# Task description
Images should be left out, and everything else in the listing reproduced exactly.

# Data provided
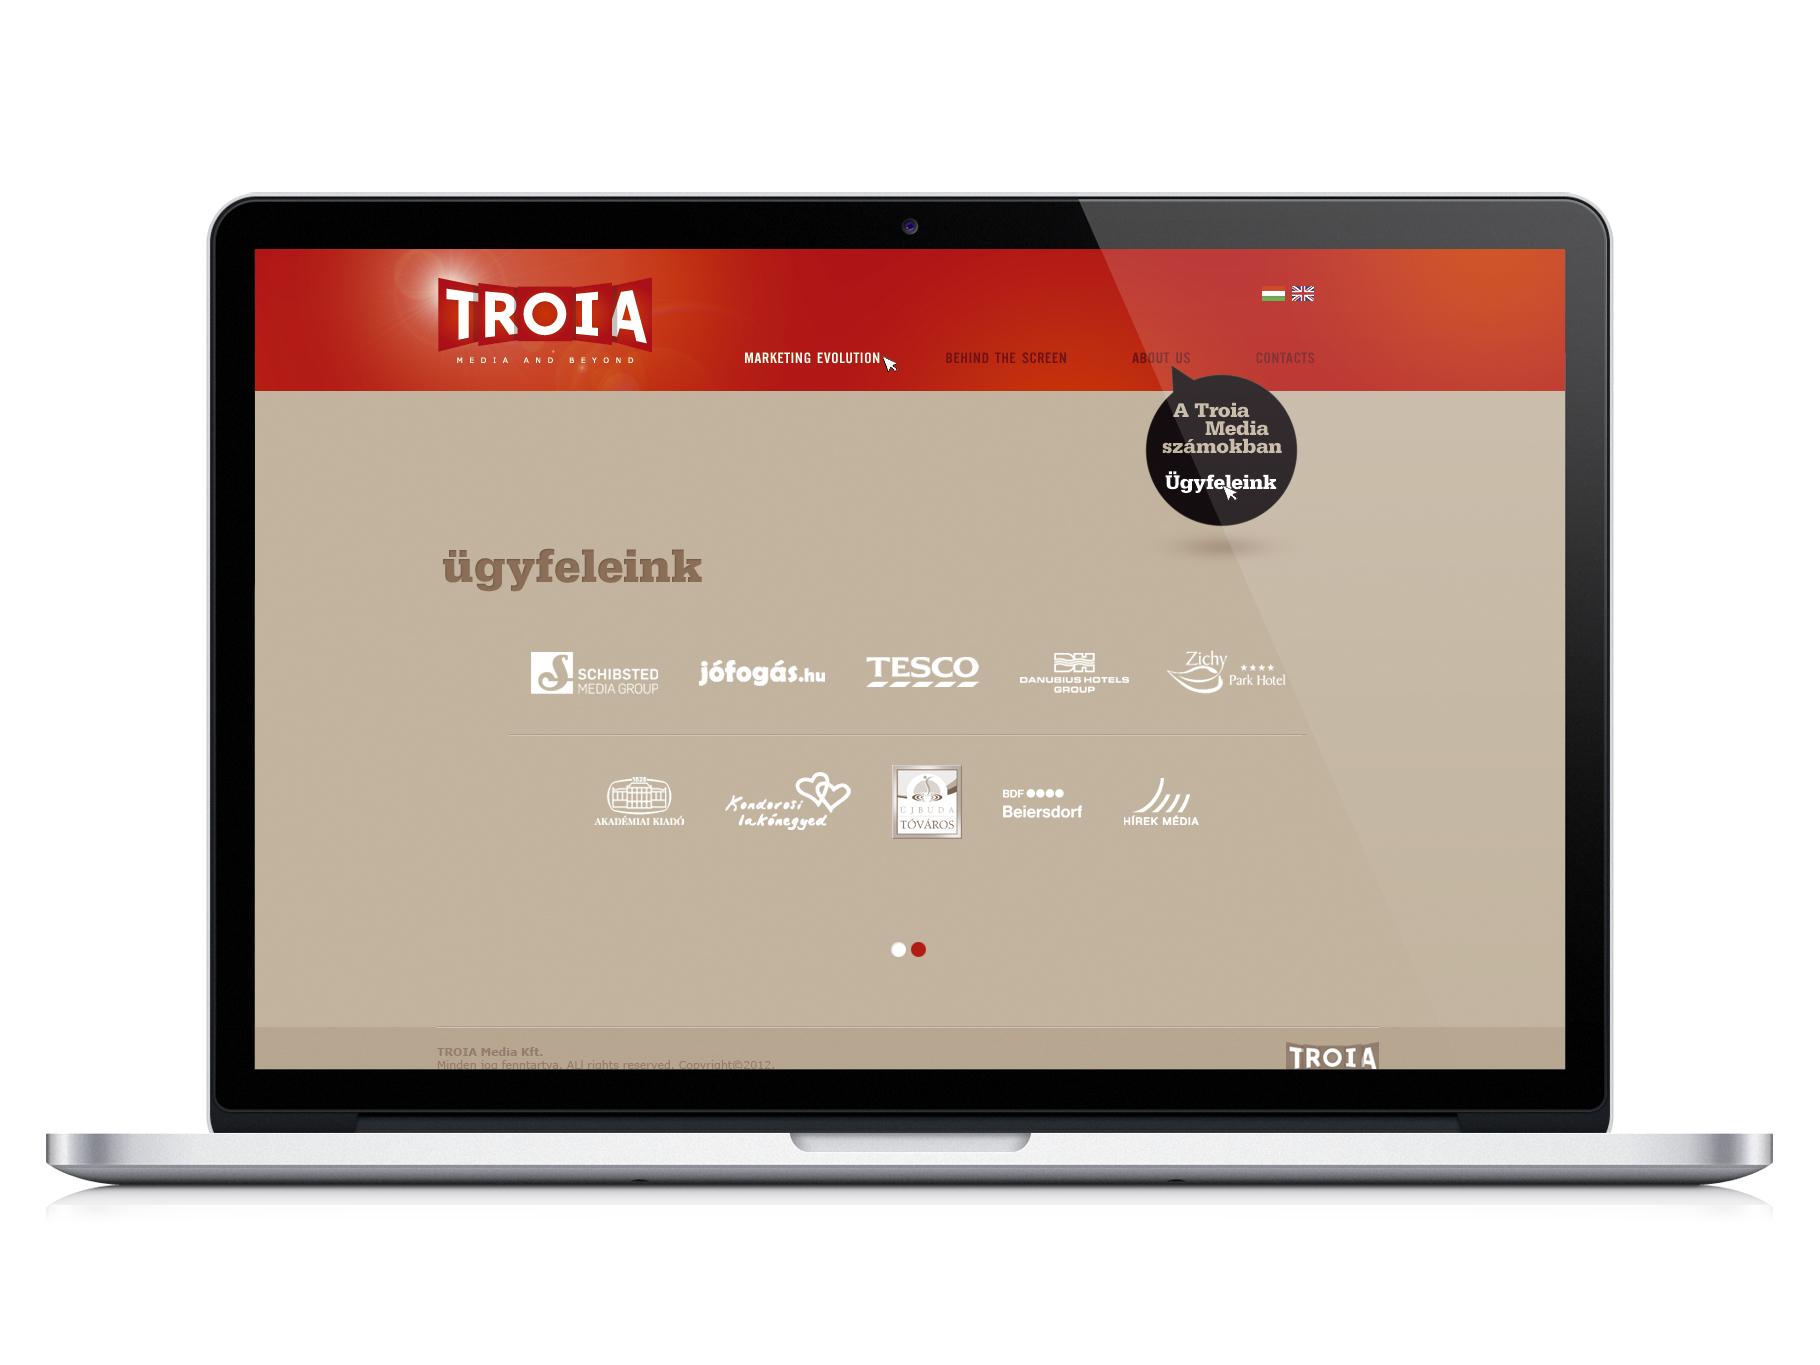 Troia Media 6
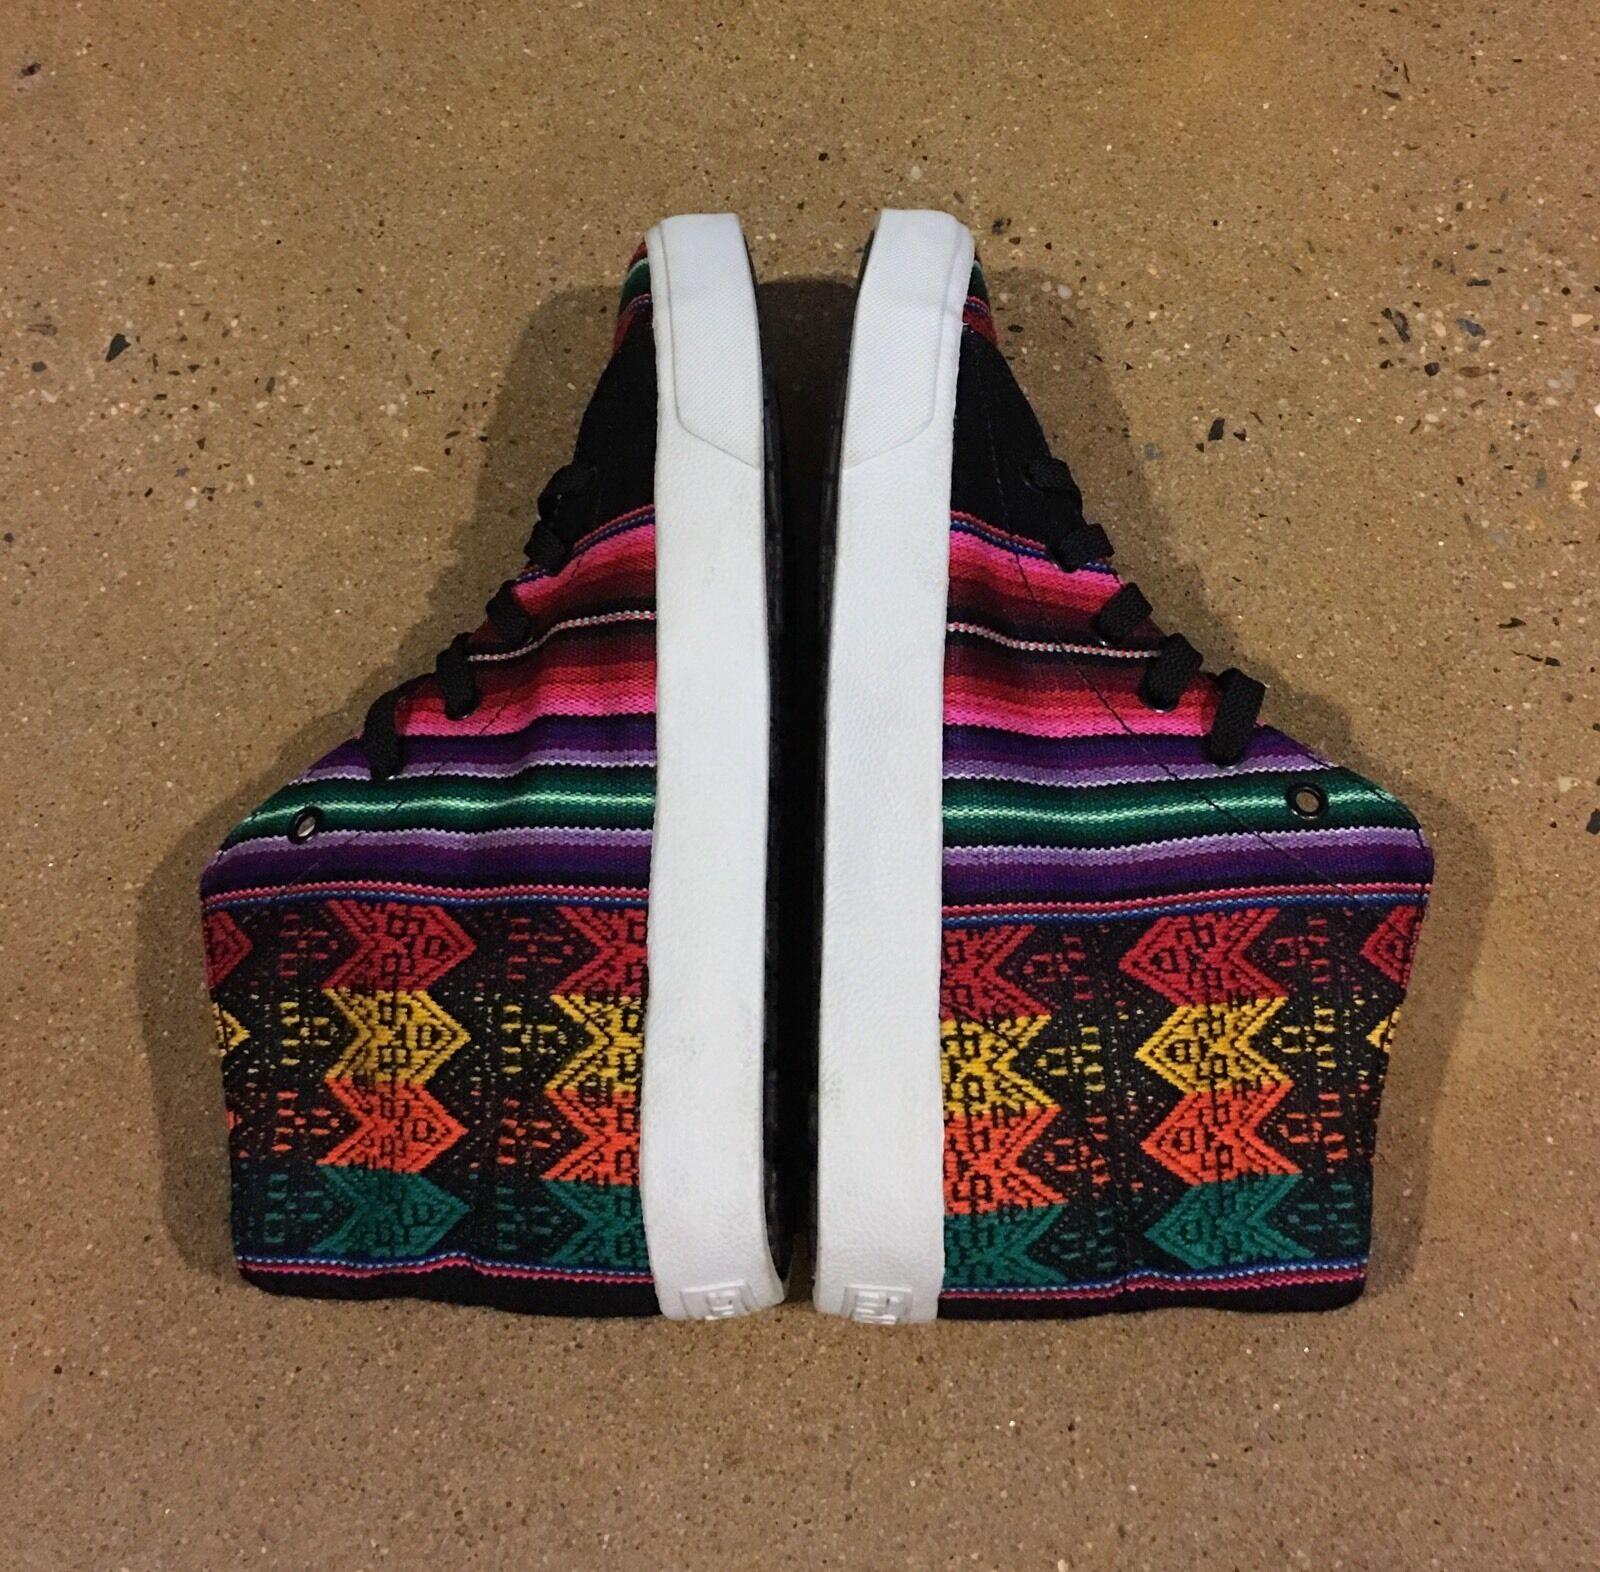 Inkkas JR'S Spectrum Hightop Größe 8 Damens 6-Boys Schuhes Sneakers Handmade In Peru
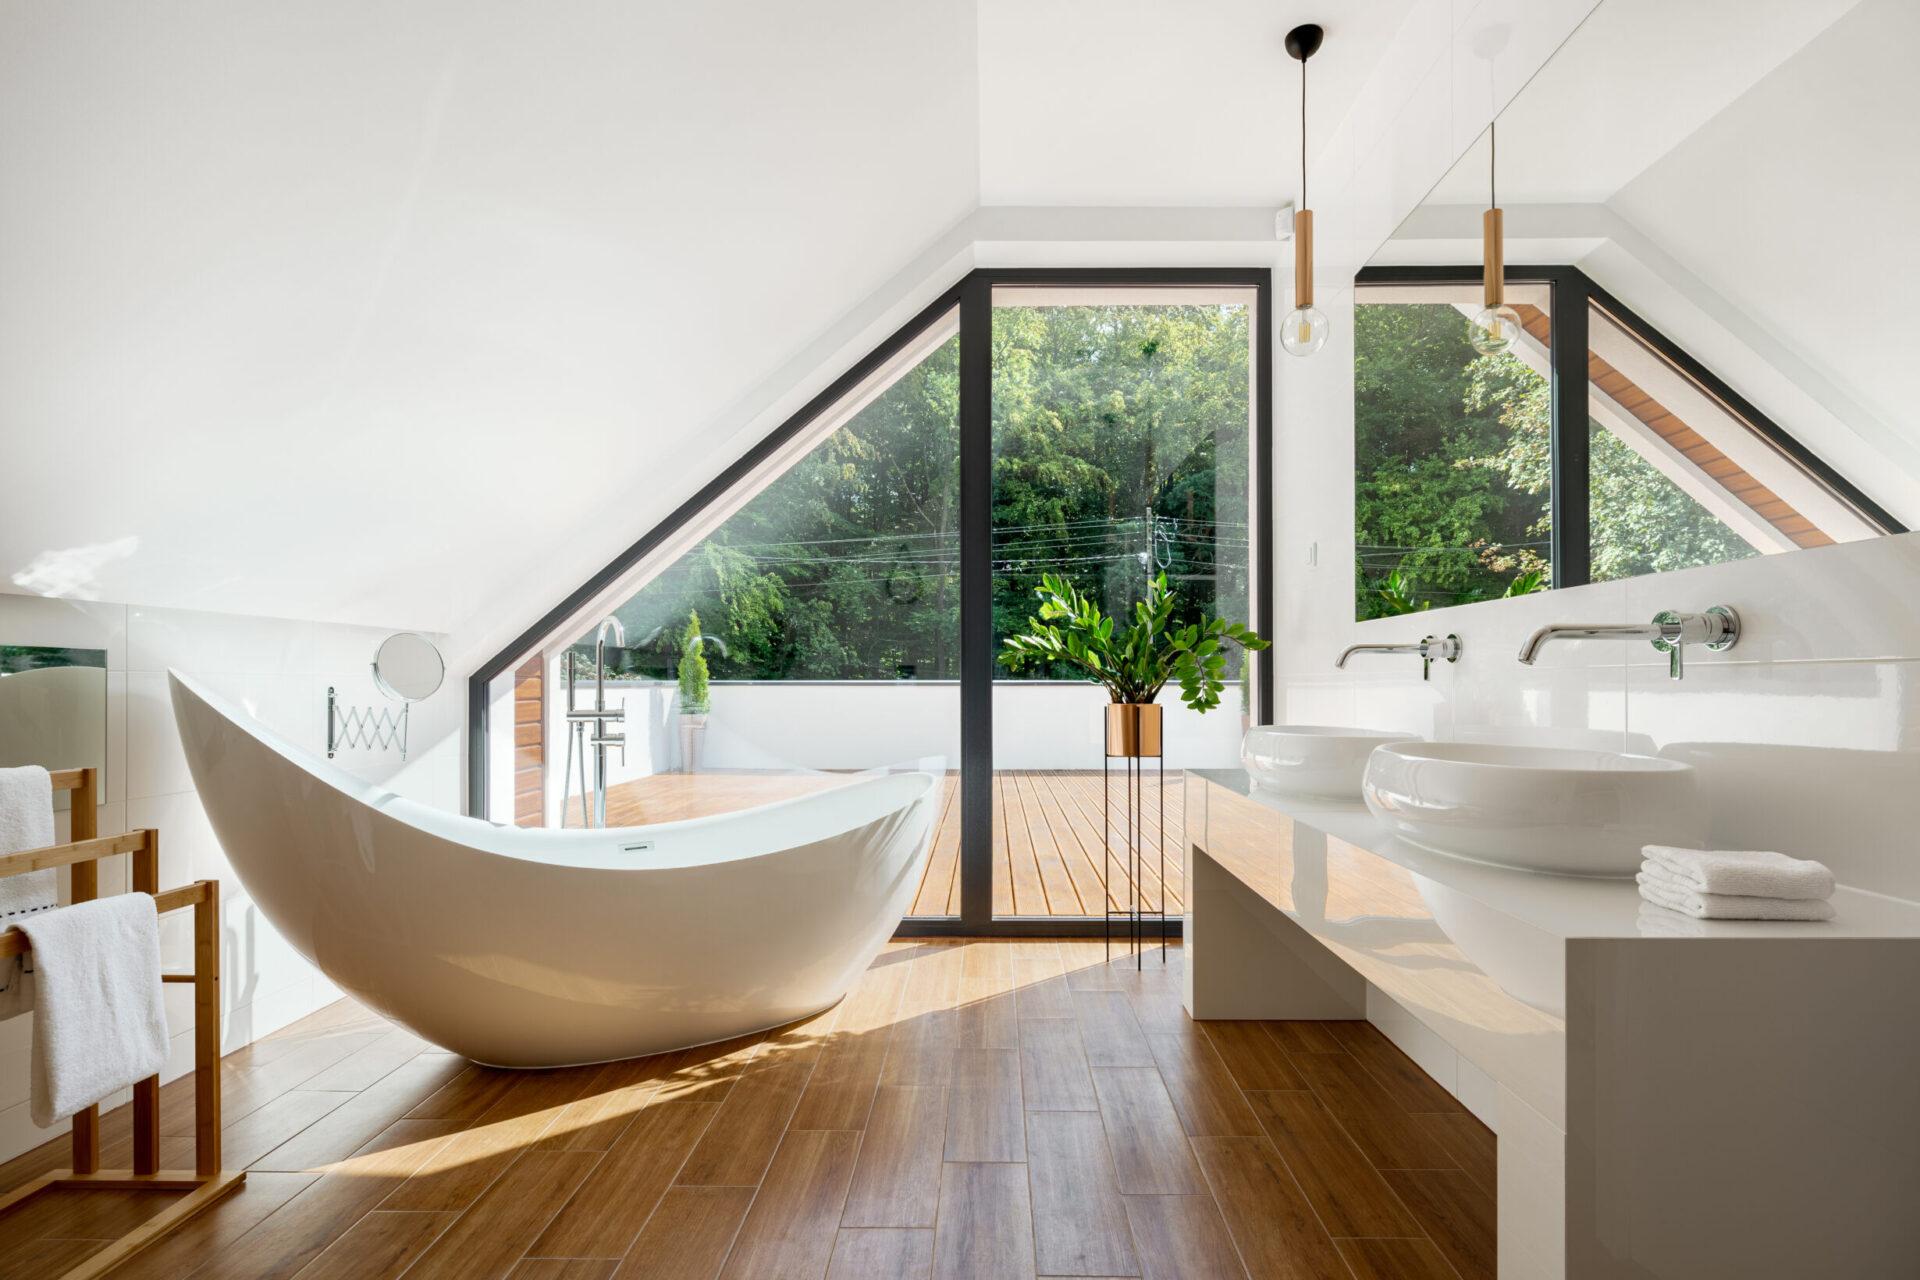 Elegant attic bathroom with stylish bathtub, wooden floor and balcony door
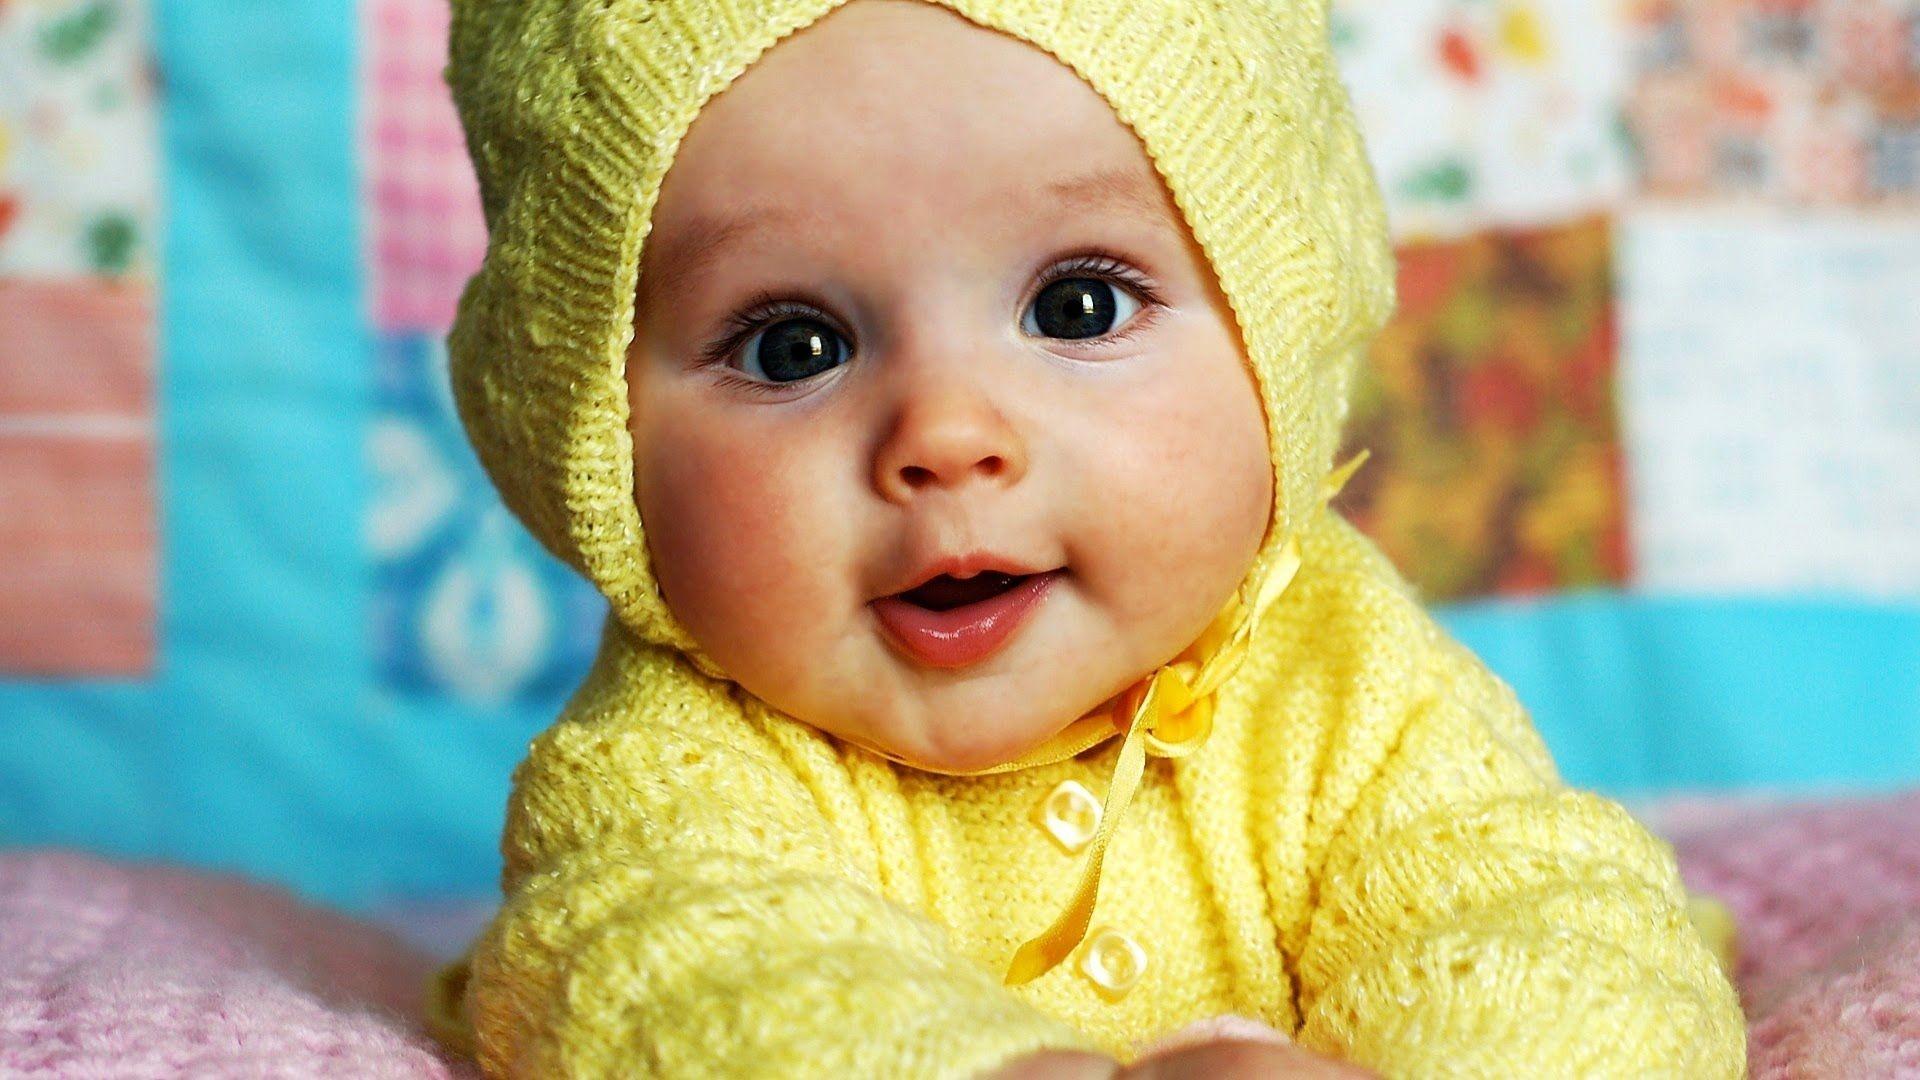 Beautiful Babies Wallpapers  Wallpaper

# Task result
 Troia Media 6
 Inkkas JR'S Spectrum Hightop Größe 8 Damens 6-Boys Schuhes Sneakers Handmade In Peru
 Elegant attic bathroom with stylish bathtub, wooden floor and balcony door
 Beautiful Babies Wallpapers  Wallpaper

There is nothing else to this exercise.